SHARE A deeply relevant ‘Death of a Salesman’ emerges

NEW YORK — Whenever an old warhorse of a play like "Death of a Salesman" is trotted out again onto a Broadway stage, its backers are quick to explain its relevance. It's hard to argue this time.

The still-vibrant, still-powerful story of Arthur Miller's Willy Loman returns to a nation now emerging from a Great Recession, awash with consumerism, disgusted by greed and where audience members are striving pointlessly to be "well liked" on Facebook.

Crisply directed by Mike Nichols and starring a heartbreaking Philip Seymour Hoffman, this "Death of a Salesman," which opened Thursday at the Barrymore Theatre, is now a gloomy 63-year-old mirror — the same age as Loman is in the play — held up to the world to prove that little has changed.

Hoffman is only 44, but he nevertheless sags in his brokenness like a man closer to retirement age, lugging about his sample cases filled with his self-denial and disillusionment. His fraying connection to reality is pronounced in this production, with Hoffman quick to anger and a hard edge emerging from his babbling.

"The woods are burning, boys, you understand?" he tells his sons — the lost Biff, played with pathos by Andrew Garfield, and the attention-seeking Happy, nicely played by Finn Wittrock. "There's a big blaze going on all around."

That fire is, of course, consuming the Loman family as Miller explores the nastiness behind the Norman Rockwell painting of the American Dream in late 1940s Brooklyn. Times are hard. Salaries are low. Bills keep coming. Love can sometimes be overpowering. Mere personality is no longer valid currency.

Willy Loman has reached the end of the line: An aging salesman who roams New England, he thinks the key to success is being liked, but he is more often laughed at behind his back. His sons — especially Biff, the apple of his eye — are a disappointment. He is contemplating suicide. After he dies, he figures, his funeral will be mobbed and that will prove he was worthwhile.

"I am known!" he insists, but seems to know that isn't enough.

His mind escapes to the past — moments with his long-lost godlike brother Ben (a typically moving John Glover), or with his adoring boys before they became men — when there were possibilities. Nichols has staged these as smartly as slightly odd hyper-real moments — the embellished memories of a depressed man looking for the wrong turn that led him here.

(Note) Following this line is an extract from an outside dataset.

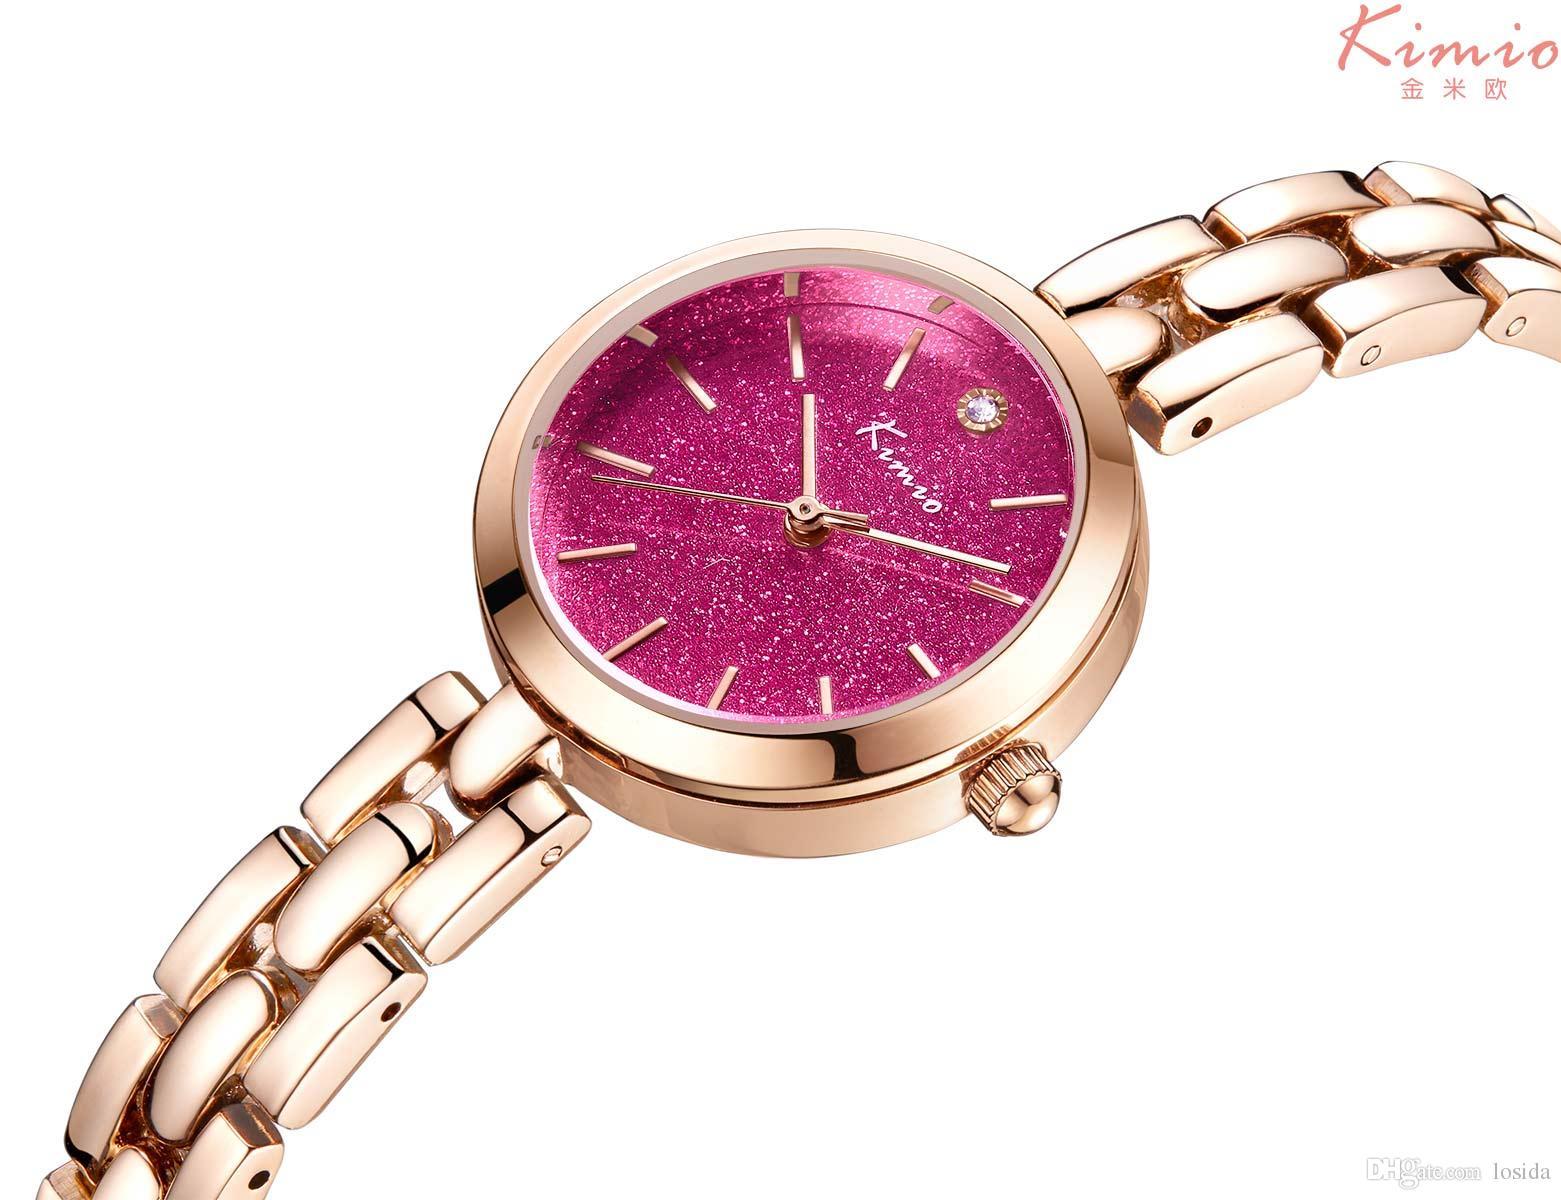 Blumen Genf Uhren Modische Stilvolle Quarz Armband Damen Diamant Armband Uhr 2019 Uhr Leder Armbanduhren Femme Uhren

The skeletonized set with wood and steel giving way to abstract girders and silhouettes of trees — a recreation of the original Tony Award-winning scenic design by Jo Mielziner — takes a while to get used to but reveals itself as an aid to the plays meaning. Loman is in two worlds, after all, one real and one hazy, loosely connected.

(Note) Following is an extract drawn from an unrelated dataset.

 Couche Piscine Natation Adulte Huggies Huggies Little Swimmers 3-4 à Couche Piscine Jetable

Lighting by Brian MacDevitt is extremely inky, relying heavily on spotlights while the rest of the set remains as dark as depression. Projections of bright leaves thrown against the set at times gives it a jaunty, fall feel for flashbacks.

Garfield as Biff starts out a little too wise-guy-Brooklyn-boy but has locked in by the end and is breathtaking in his sobbing, self-hating commitment. Wittrock's Happy is a pretty good ladies man but looks too shellshocked much of the time.

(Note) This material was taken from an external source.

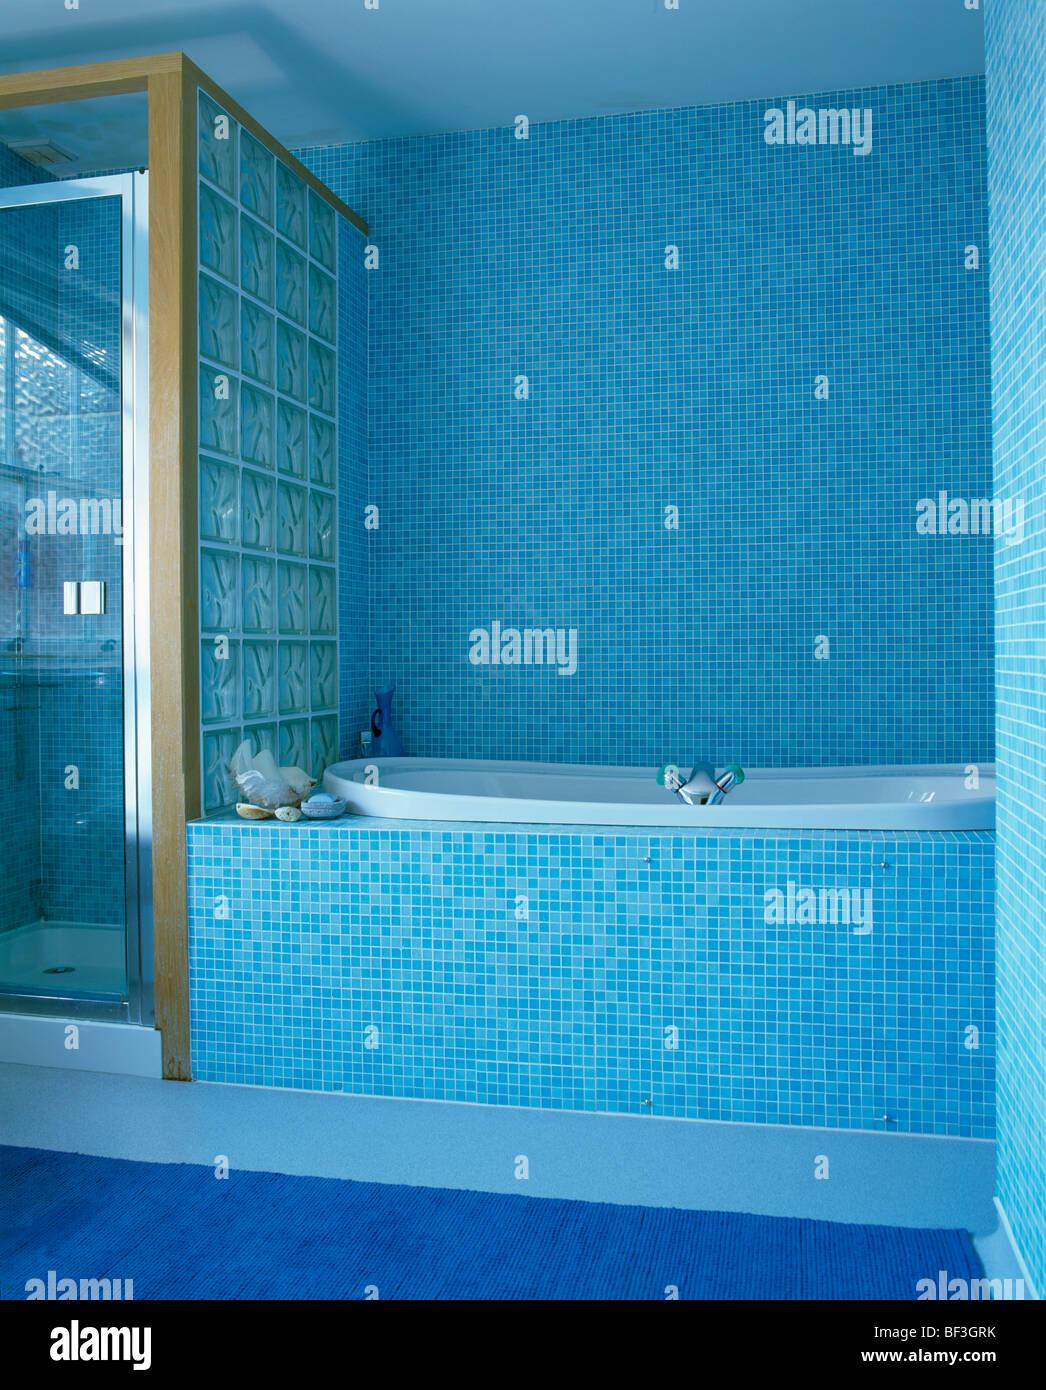 Moderno cuarto de ba o con azulejos de mosaico azul pared de ladrillos de vidrio divisoria de - Azulejos mosaico bano ...

Hoffman will deservedly get attention for playing one of the most iconic American stage roles with vigor, but this production gets its heart and soul from Loman's wife, played with ferocious love by Linda Emond. She is holding this family together with her nails, watching her husband fall apart, taking his abuse, soaring with his hopes, playing interference between him and her sons, and generally walking on eggshells.

"Why must everybody conquer the world?" she asks her husband, trying to soothe him. At another point she begs her sons to be careful around their dad: "Be loving to him because he's only a little boat looking for a harbor." But she can't stop the rot and hers is an inexorable march to widowhood.

There are several moments of humor — yes, even "Death of a Salesman" does have jokes — and some of Miller's wry observations in the late 1940s may bring a smile of recognition. Loman, for example, is fired by the son of his old boss, a younger man who is too distracted by his fascinating new tape recorder to care much about the pathetic man in front of him — a prescient nod to our fragmented, technophile lives.

In another scene, Willy rages about forced obsolescence that may be all too familiar to anyone forced to keep upgrading their computer operating systems or toasters: "I'm always in a race with the junkyard! I just finished paying for the car and it's on its last legs ... They time those things. They time them so when you finally paid for them, they're used up."

Loman is all used up, too. Unlike this play, his death will be pointless. The dying salesman had told his brother earlier: "A man can't go out the way he came in, Ben. A man has got to add up to something." Loman has failed in his own assessment, but the play proves Miller has definitely not.